Metafizik / New Age

Kutuplaşma ve Farkındalık

Yayın Tarihi: 01.Ağustos.2008
WWW.ASTROSET.COM

  Farkındalık için daima iki kutba ihtiyacımız vardır. Ama bu kutupların zıtlığına takılıp kalmadan, bu zıtlığın gerilimini birliğe giden yolda itici güç ve enerji olarak kullanmamız gerekir. İçe bakış sırasında insanın suçluluğu aslında onun ödülüdür çünkü suçluluk özgürlüğünün garantisidir.

  Birliğe giden yol, sadece kaçmaktan daha fazla bir şeyler gerektirir. Zıtlıkları içimizde birleştirmek için, korkmadan, her şeyin içindeki kutuplaşmayı görmemiz, bu tecrübeyle sürekli bilinçlenmemiz ve varoluşumuzdaki çelişkileri aşmamız lazımdır. Bizden istenen kaçmak değil, yaşayarak çözmektir. Bunun için değer sistemimizin katılığını daima sorgulayarak şunu fark etmeliyiz. “Kötü”nün en büyük sırrı, aslında var olmamasıdır. Her kutuplaşmanın karşısında, “Tanrı” veya “Işık” olarak adlandırdığımız “Birlik” vardır.

  Bilinç dediğimiz şey, bir insanın, bilincinin ışığında kalan ve bu nedenle görebildiği özelliklerin ve görüntülerin tümüdür. Gölge ise bilinç ışığının aydınlatmadığı, bu nedenle karanlıkta kalan ve bilindışı (bilinçüstü, aşkın ve transandantal yönümüzü ifade eder) denen alandır. Tabii bu alan karanlıkta kaldığı sürece bize kötü ve korkutucu gözükür. Gölgemize yönelteceğimiz bir bakış, karanlığa ışık getirir ve bilinçdışını bilinçli hale getirmemize yeterli olur.

  Bakmakla Kutuplaşmayı Aşmak
 
Kendine sahiden biraz bakmak, kendini tanıma yolundaki en sihirli formüldür.

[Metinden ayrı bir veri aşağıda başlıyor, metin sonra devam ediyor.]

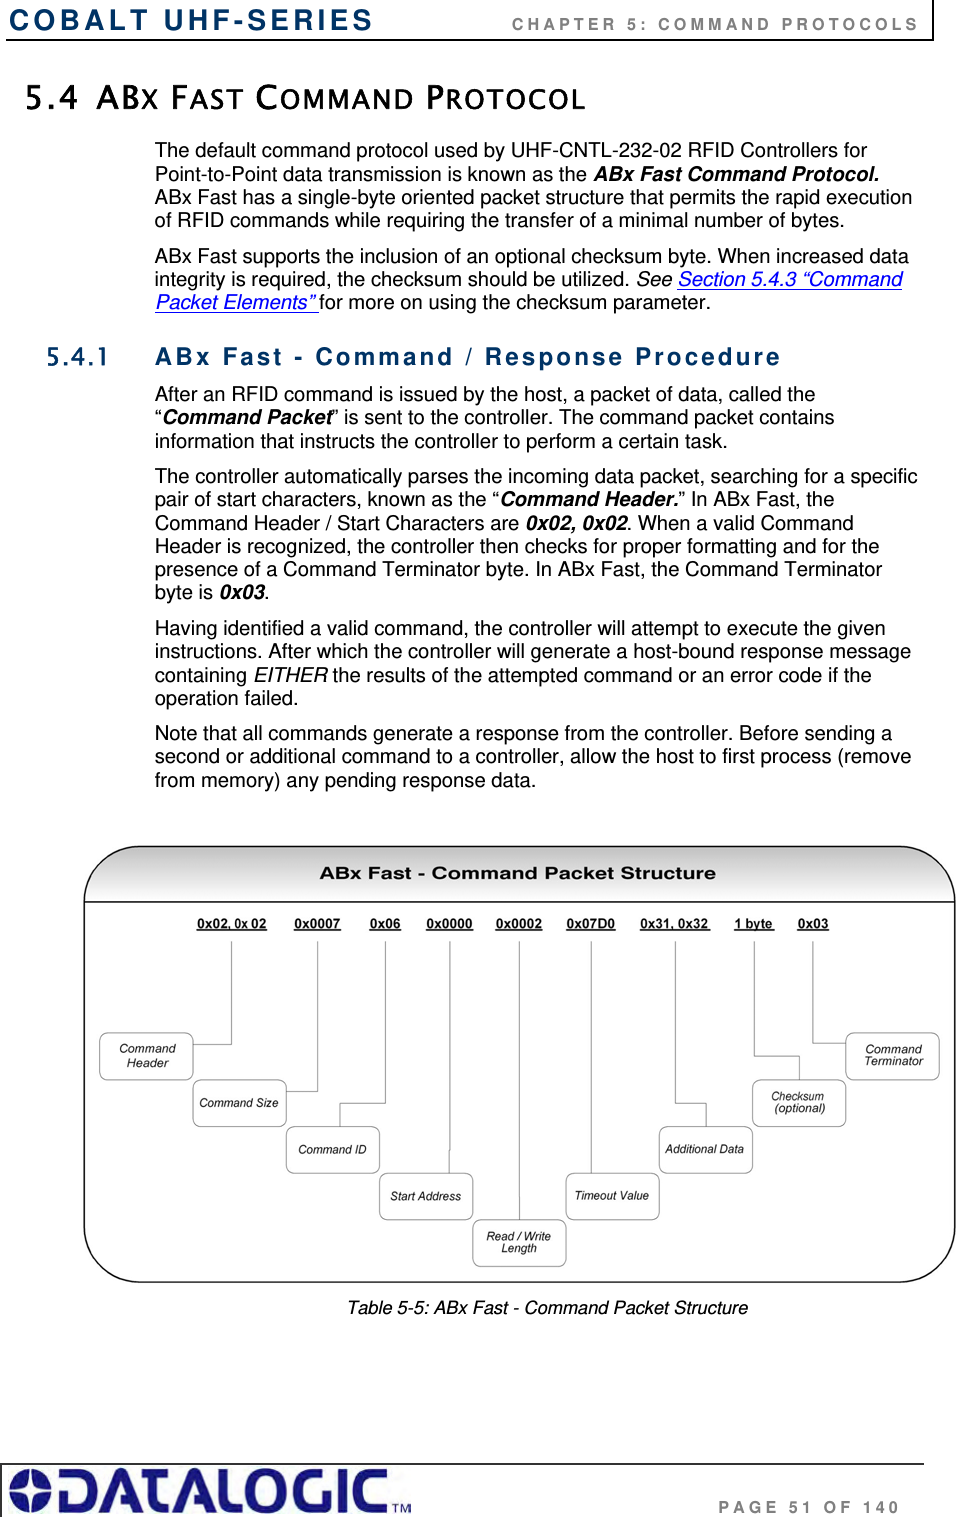 COBALT UHF-SERIES    CHAPTER 5: COMMAND PROTOCOLS                                     PAGE 51 OF 140 5.4 ABX FAST COMMAND PROTOCOL The default command protocol used by UHF-CNTL-232-02 RFID Controllers for Point-to-Point data transmission is known as the ABx Fast Command Protocol. ABx Fast has a single-byte oriented packet structure that permits the rapid execution of RFID commands while requiring the transfer of a minimal number of bytes.  ABx Fast supports the inclusion of an optional checksum byte. When increased data integrity is required, the checksum should be utilized. See Section 5.4.3 “Command Packet Elements” for more on using the checksum parameter. 5.4.1  ABx Fast - Command / Response Procedure After an RFID command is issued by the host, a packet of data, called the “Command Packet” is sent to the controller. The command packet contains information that instructs the controller to perform a certain task.  The controller automatically parses the incoming data packet, searching for a specific pair of start characters, known as the “Command Header.” In ABx Fast, the Command Header / Start Characters are 0x02, 0x02. When a valid Command Header is recognized, the controller then checks for proper formatting and for the presence of a Command Terminator byte. In ABx Fast, the Command Terminator byte is 0x03. Having identified a valid command, the controller will attempt to execute the given instructions. After which the controller will generate a host-bound response message containing EITHER the results of the attempted command or an error code if the operation failed.  Note that all commands generate a response from the controller. Before sending a second or additional command to a controller, allow the host to first process (remove from memory) any pending response data.   Table 5-5: ABx Fast - Command Packet Structure

Bakmak, bakılanın kalitesini dönüştürür, çünkü karanlığa ışık, yani bilinç getirir. İnsanlar daima “bir şeyleri” değiştirmek isterler, oysa ondan beklenen bakma yeteneğini geliştirmesi ve doğru bakış açısı oluşturmasıdır. İnsanın bilgelik ya da aydınlanma dediğimiz en yüksek amacı, her şeye bakabilme ve her şeyin olduğu gibi doğal haliyle iyi olduğunu anlayabilme yeteneğine ulaşmaktır. Bu gerçek kendini tanımadır. İnsan hala bir şeylerden rahatsızlık duyuyorsa ve hala bir şeyleri değiştirme gereği hissediyorsa, kendini tanıma aşamasının ilk basamaklarındadır ve henüz o istediği arzu ettiği aydınlanma (nirvana) noktasına ulaşmamış demektir.

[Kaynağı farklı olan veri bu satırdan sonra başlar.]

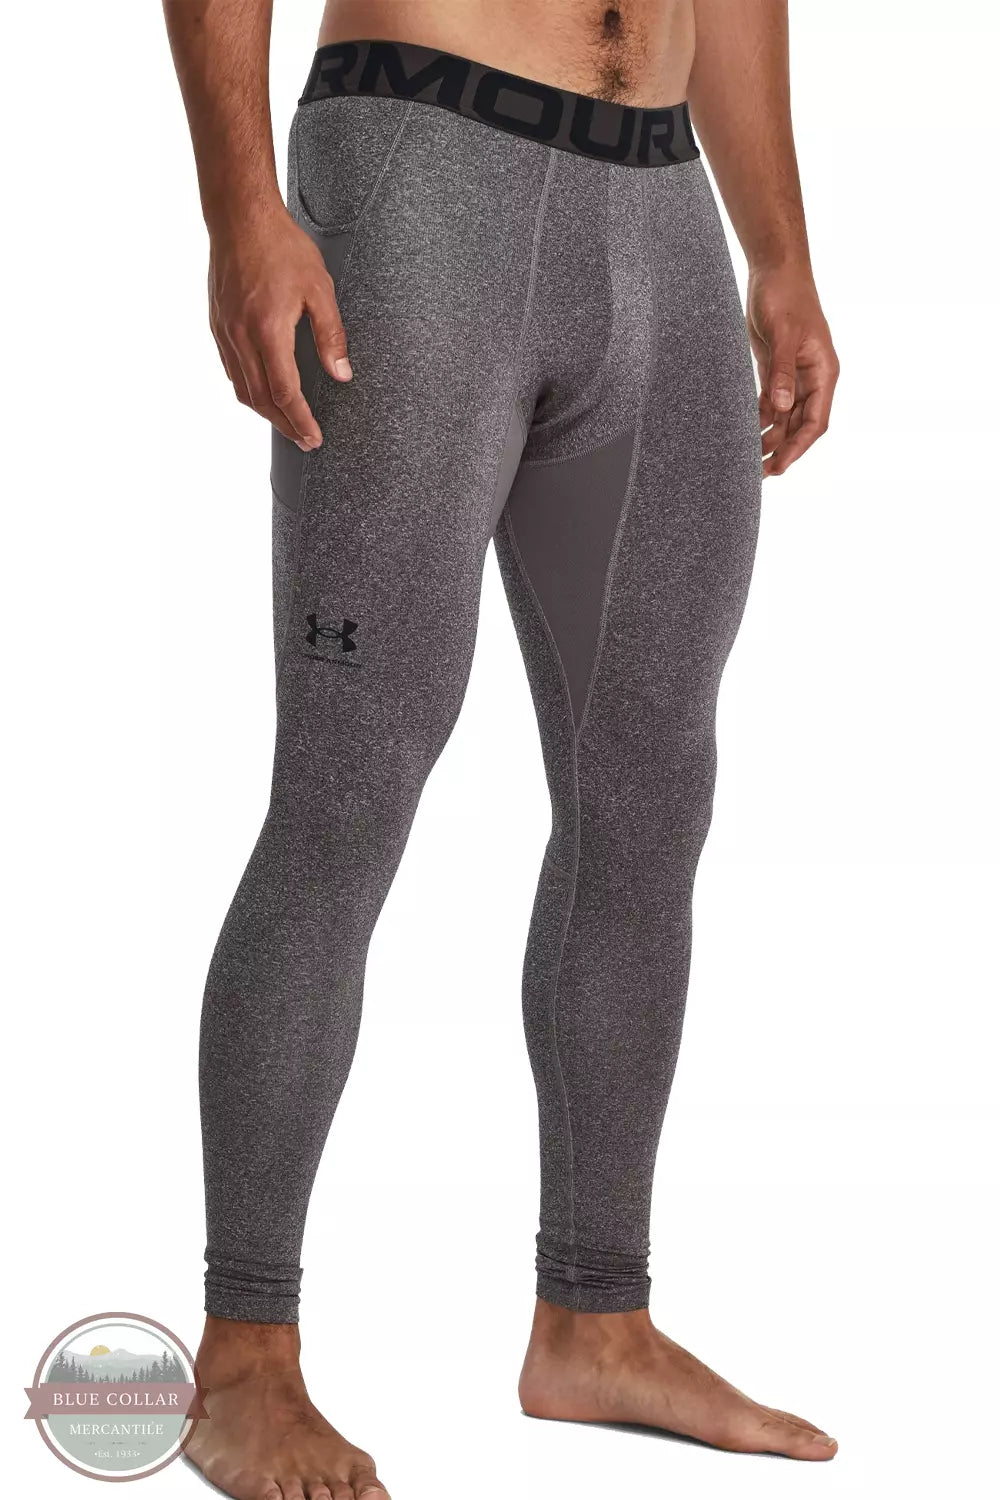 Under Armour Light in ColdGear Charcoal Heather Black Leggings 1366075-020

  Dünyadan kaçış ve manastır hayatı da, kutuplaşmayı aşmak için uygun bir yol değildir. Bize gerekli olan, daha çok bilinçli bir biçimde, yaşamın öncelikle de kendi kişisel yaşamımızın bizden istedikleriyle yüzleşme cesaretidir. Bunu yaparken bilincimiz, her eylemimizde kendimizi gözlememizi sağlar ve davranışları içinde kaybolmamıza engel olur.
Ne yaptığımız hiç önemli değildir. Önemli olan nasıl yaptığımızdır. Bunu yaparken bilinçli miyiz? Yoksa, bu harekette egomuz mu gizlidir? Yaptıklarımızla kendimizi bağımlı mı yoksa özgür mü kıldığımız,
bu soruların samimi ve dürüst yanıtlarına göre değişir.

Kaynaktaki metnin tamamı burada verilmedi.